** EXERCISE DIRECTIONS **
Print the lines from the one containing "Le Portugal et" through the end of the listing below, exactly as written. Any pictures stay out.

** DATA PROVIDED **
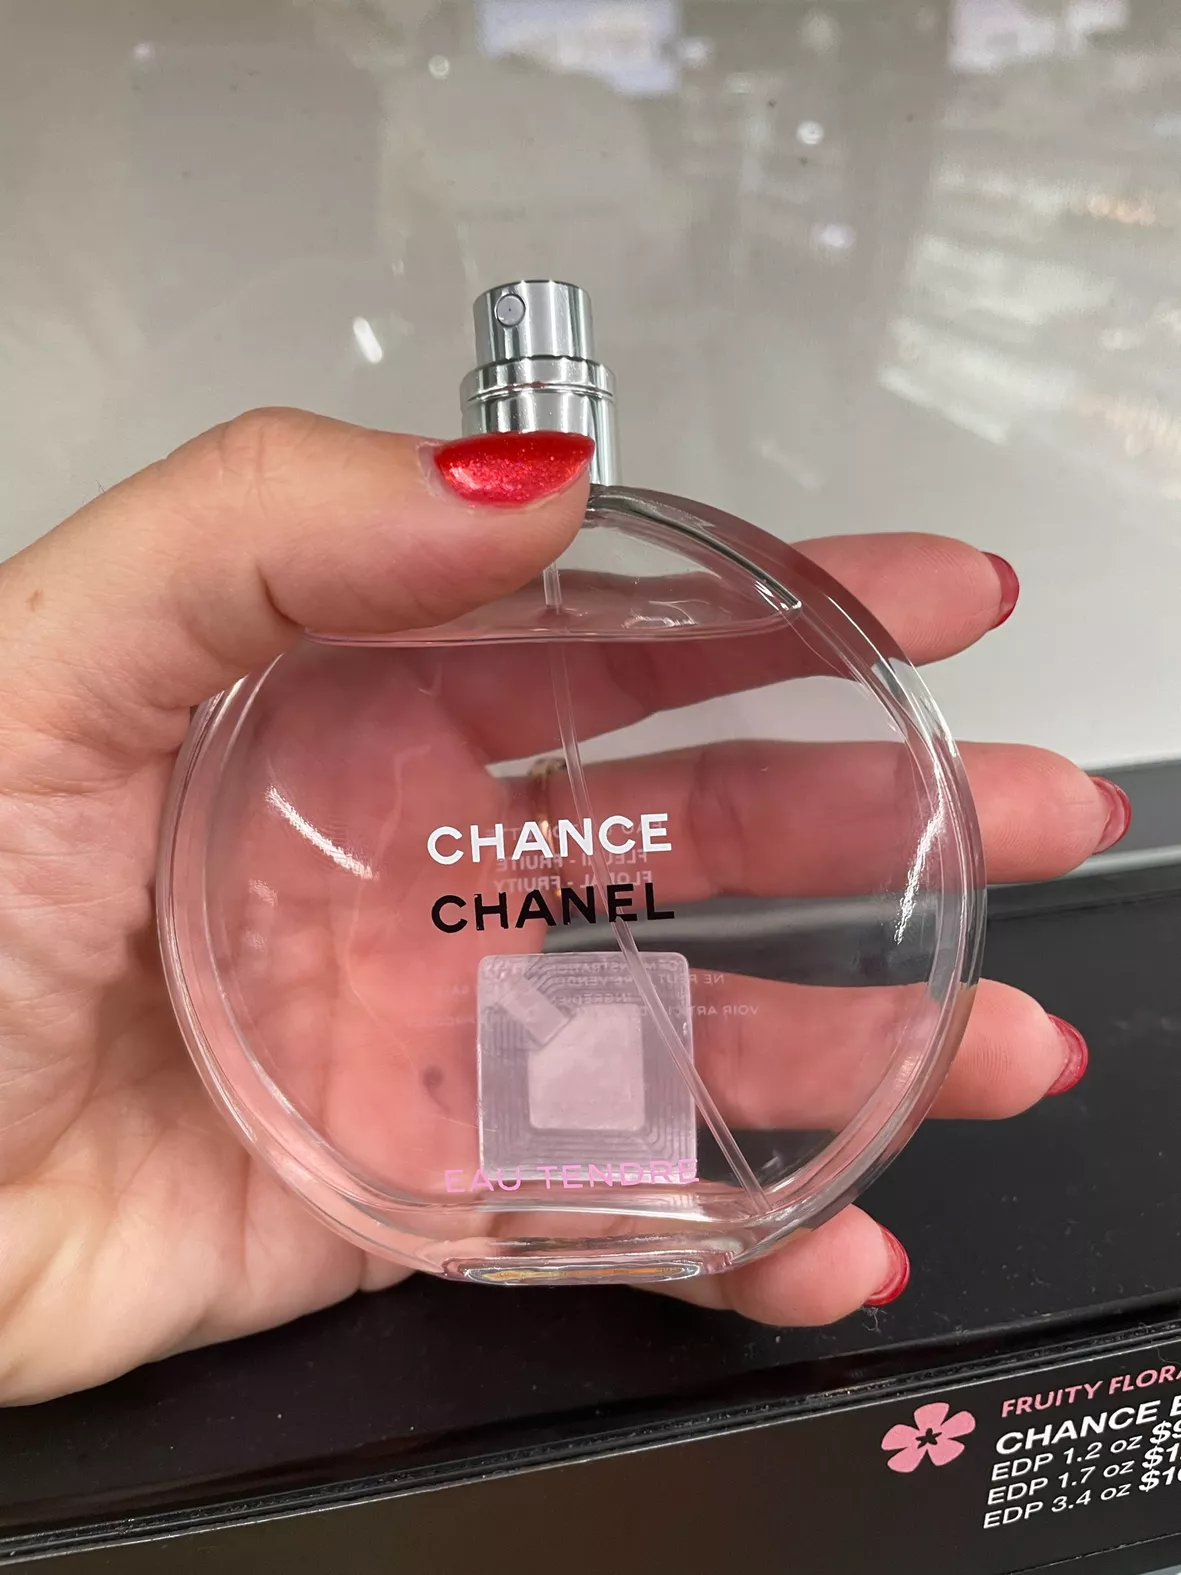 2-pc Chanel Chance Eau Tendre Eau De Parfum Gift Set for Sale in Portland,  OR - OfferUp
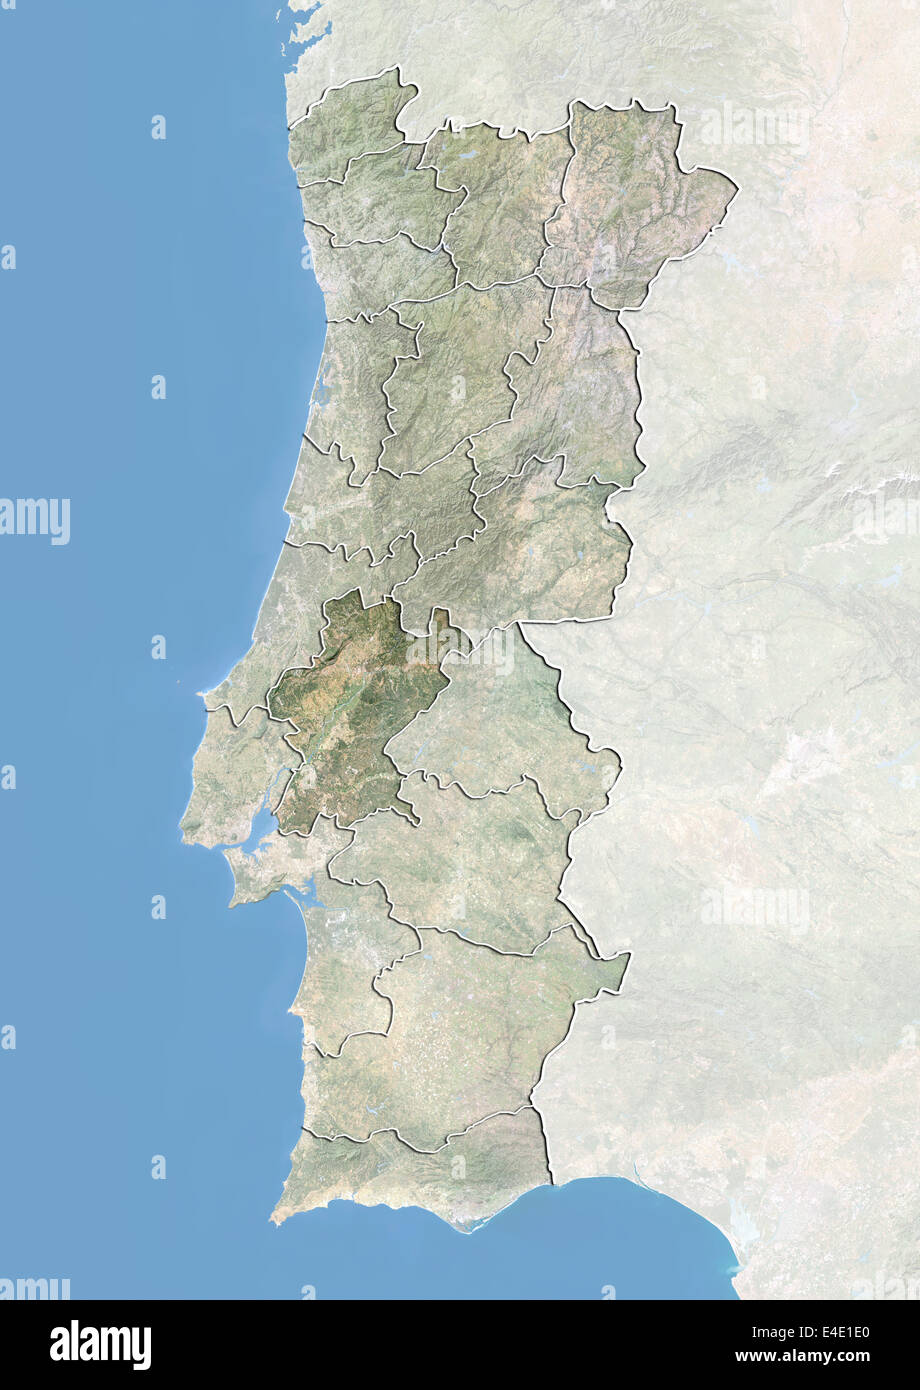 Le Portugal et le District de Santarem, image satellite avec effet de choc Banque D'Images
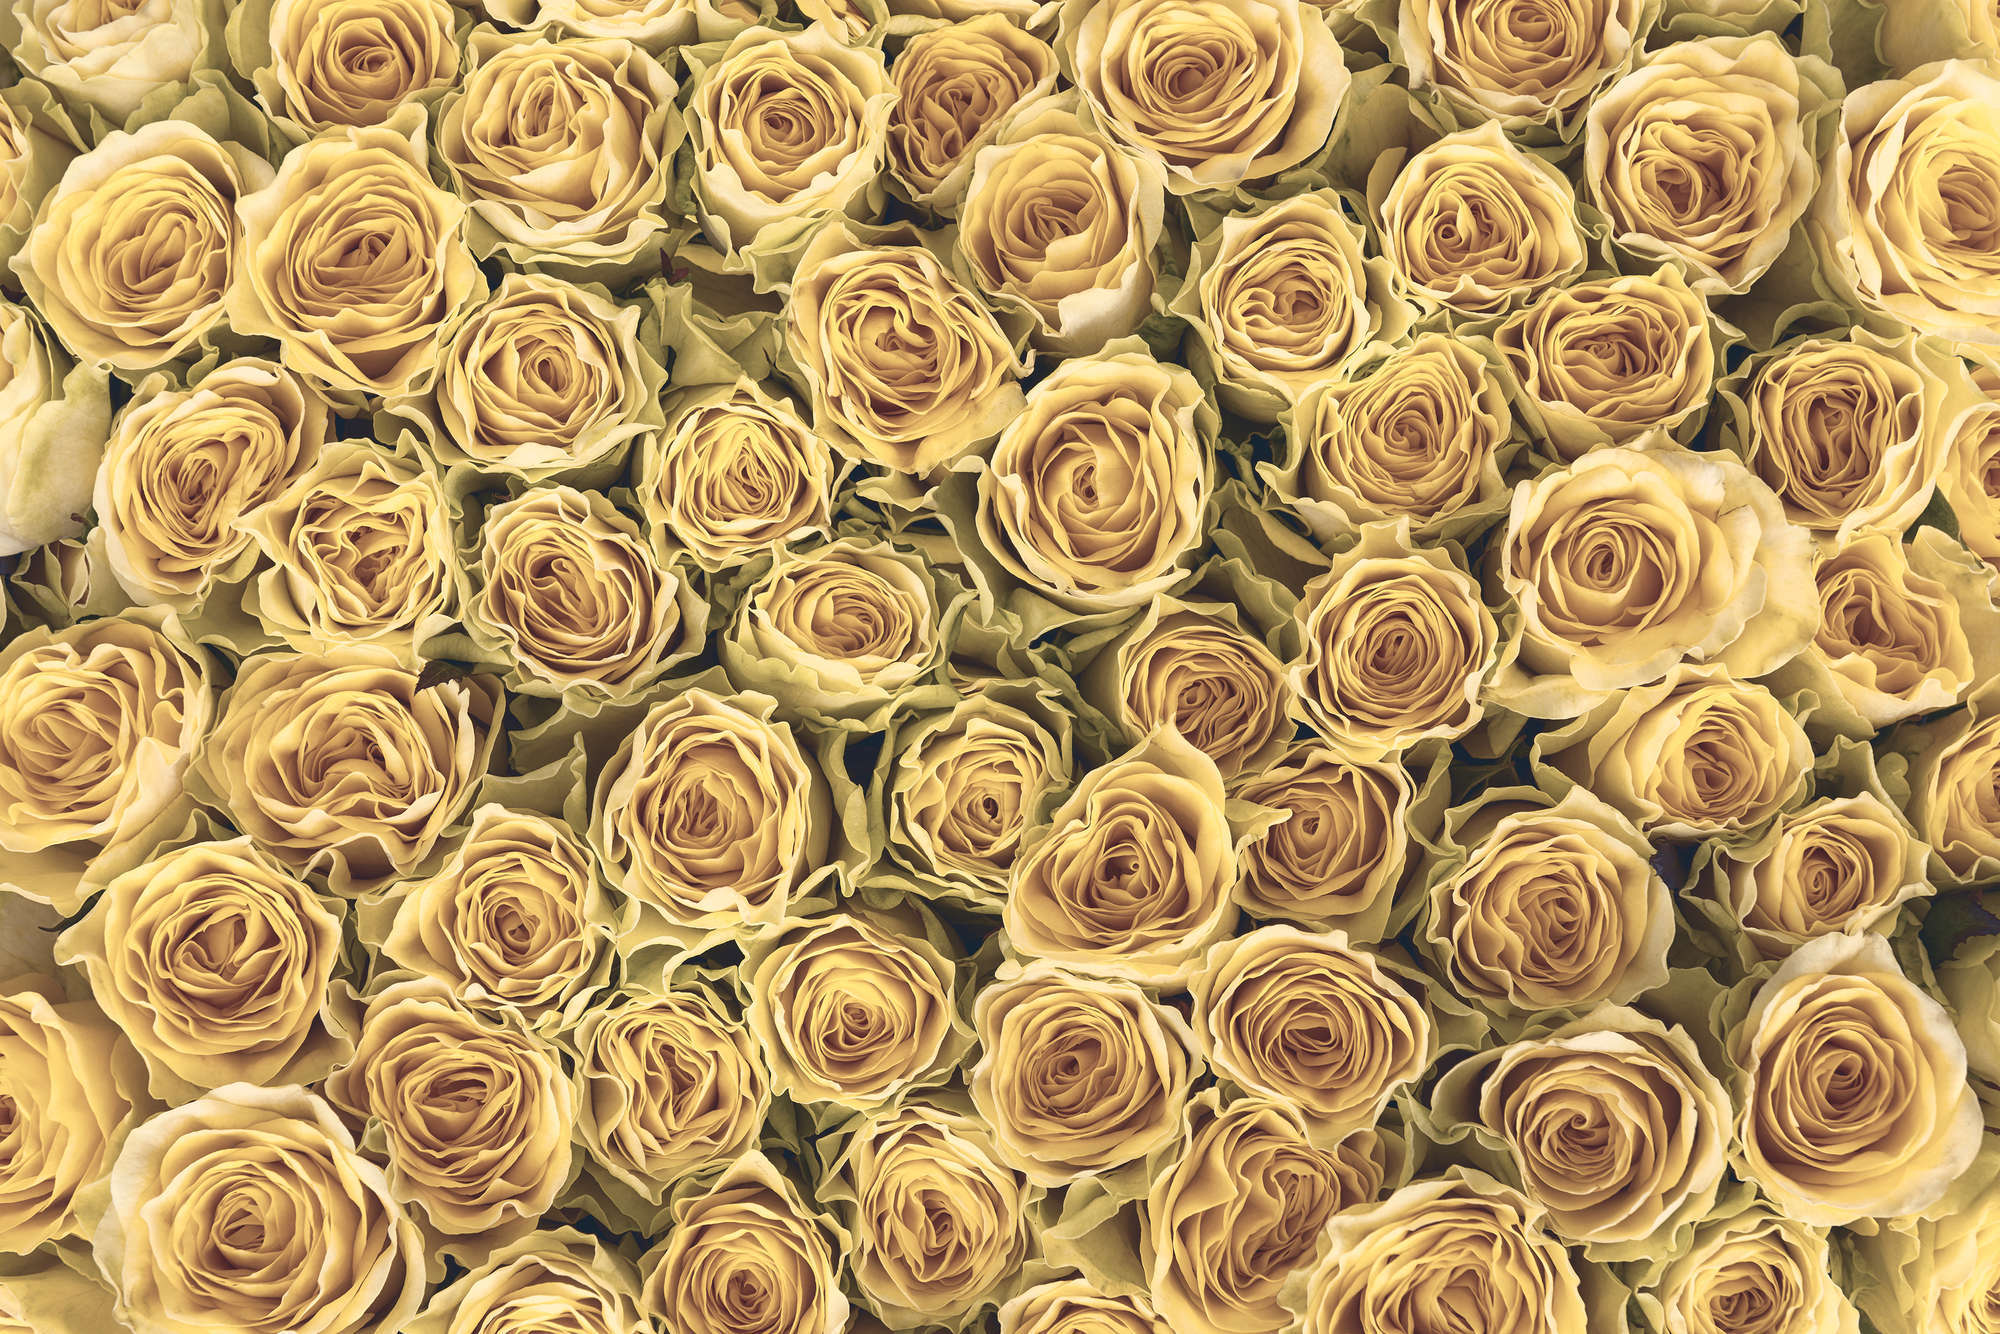             Papel pintado de plantas Rosas doradas sobre vellón liso mate
        
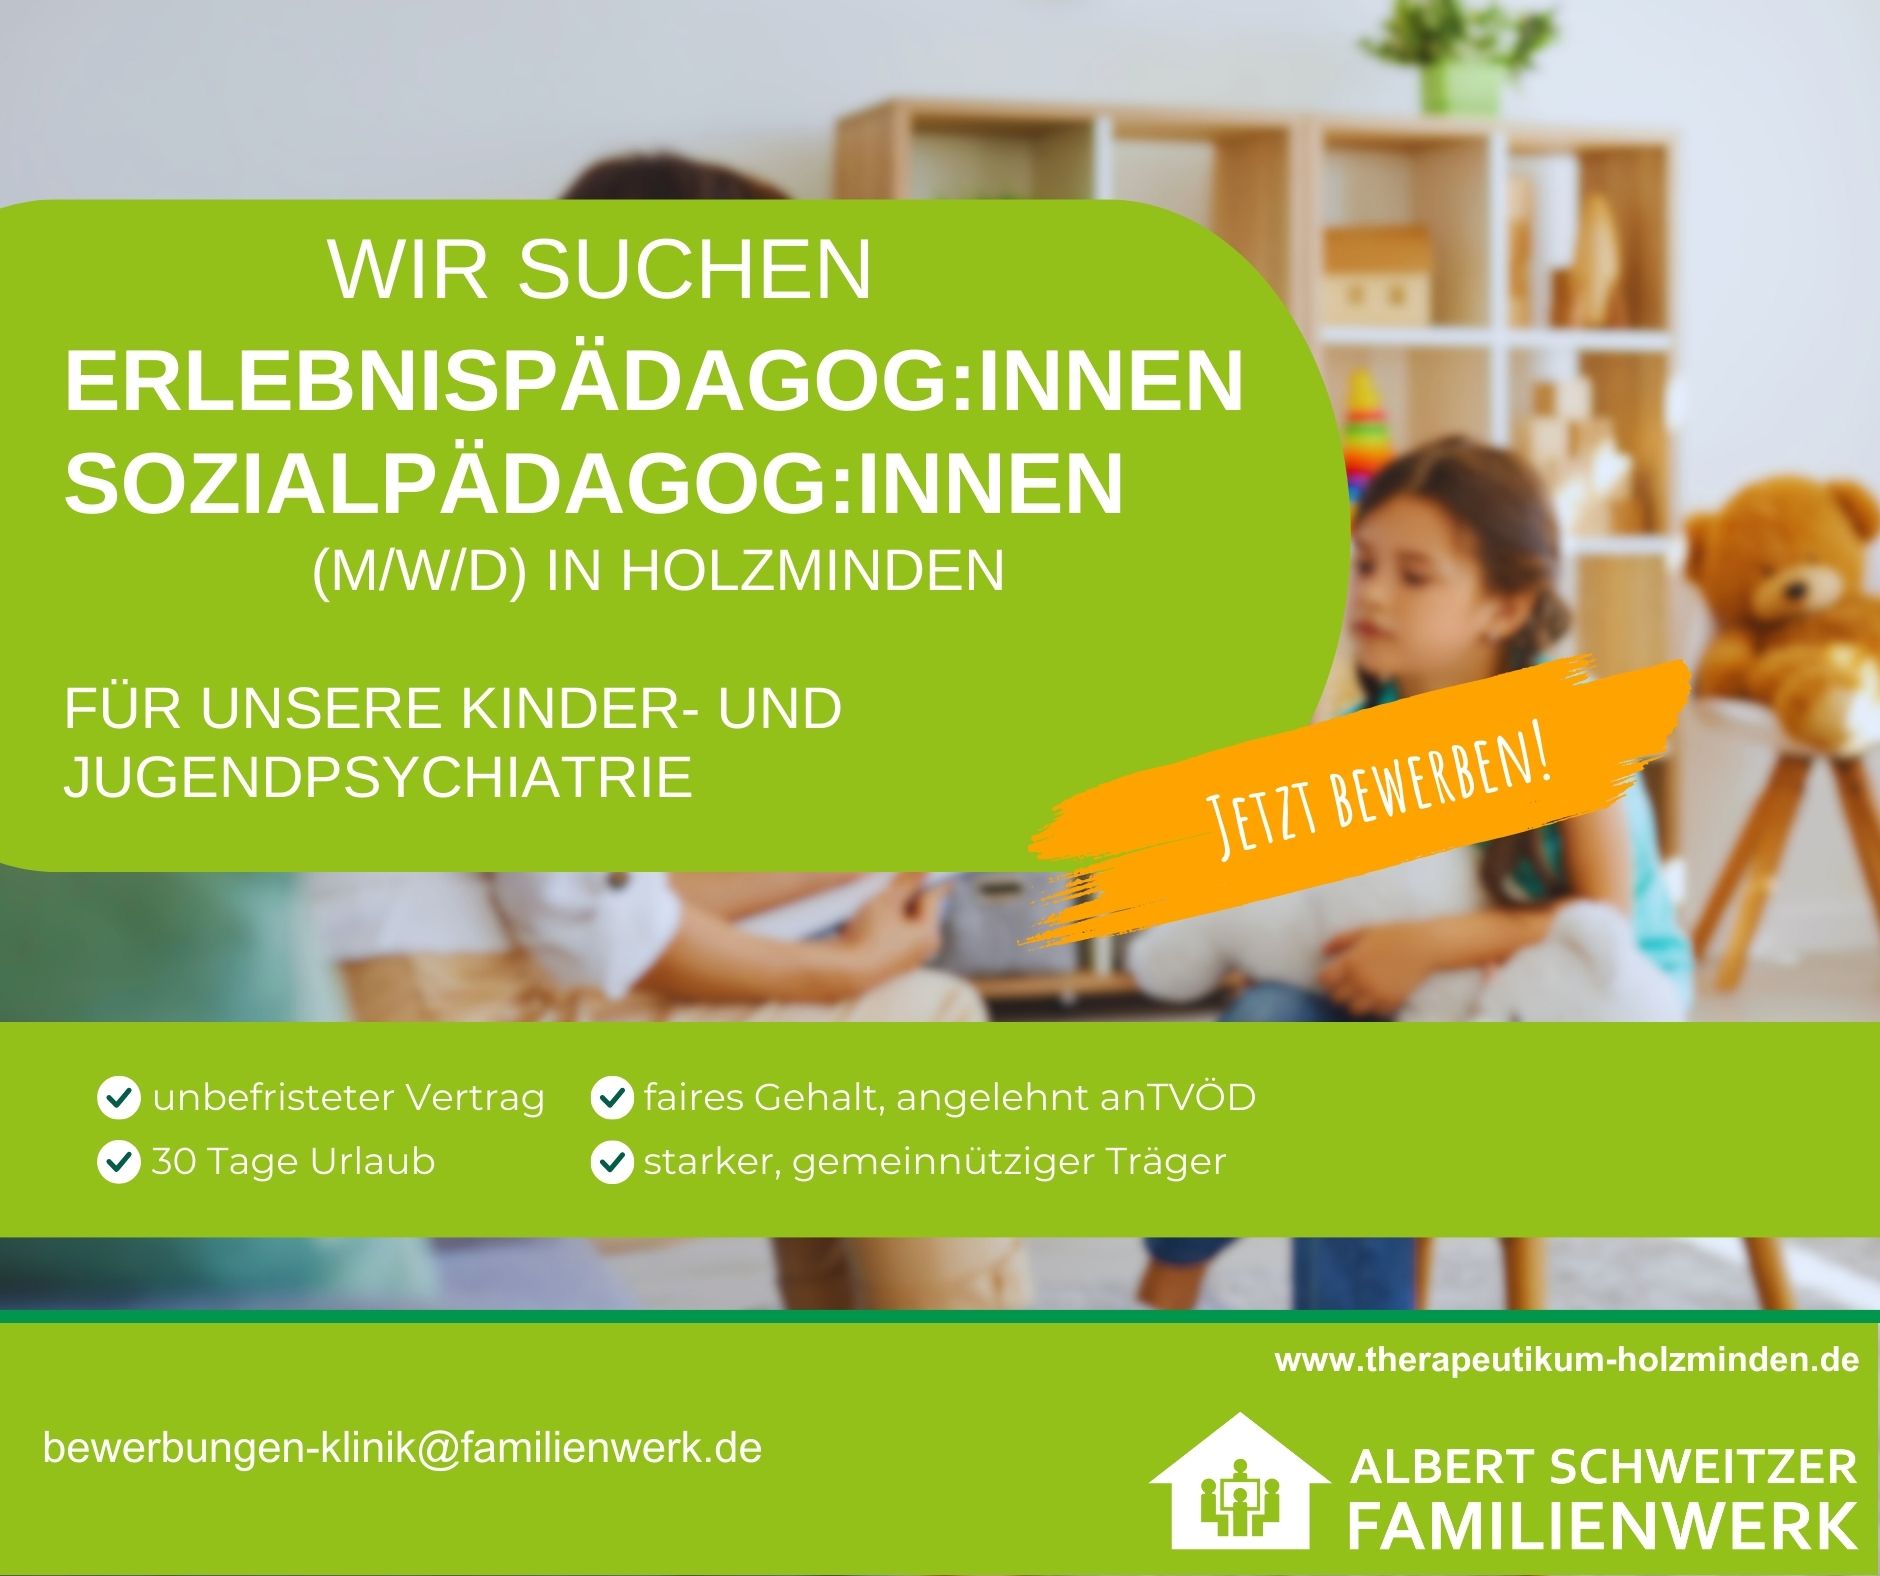 Wir suchen Erlebnispädagog:innen / Sozialpädagog:innen (m/w/d) in Holzminden - Albert Schweitzer Familienwerk

** SOLVED PROBLEM **
 Le Portugal et le District de Santarem, image satellite avec effet de choc Banque D'Images
             Papel pintado de plantas Rosas doradas sobre vellón liso mate
        
 Wir suchen Erlebnispädagog:innen / Sozialpädagog:innen (m/w/d) in Holzminden - Albert Schweitzer Familienwerk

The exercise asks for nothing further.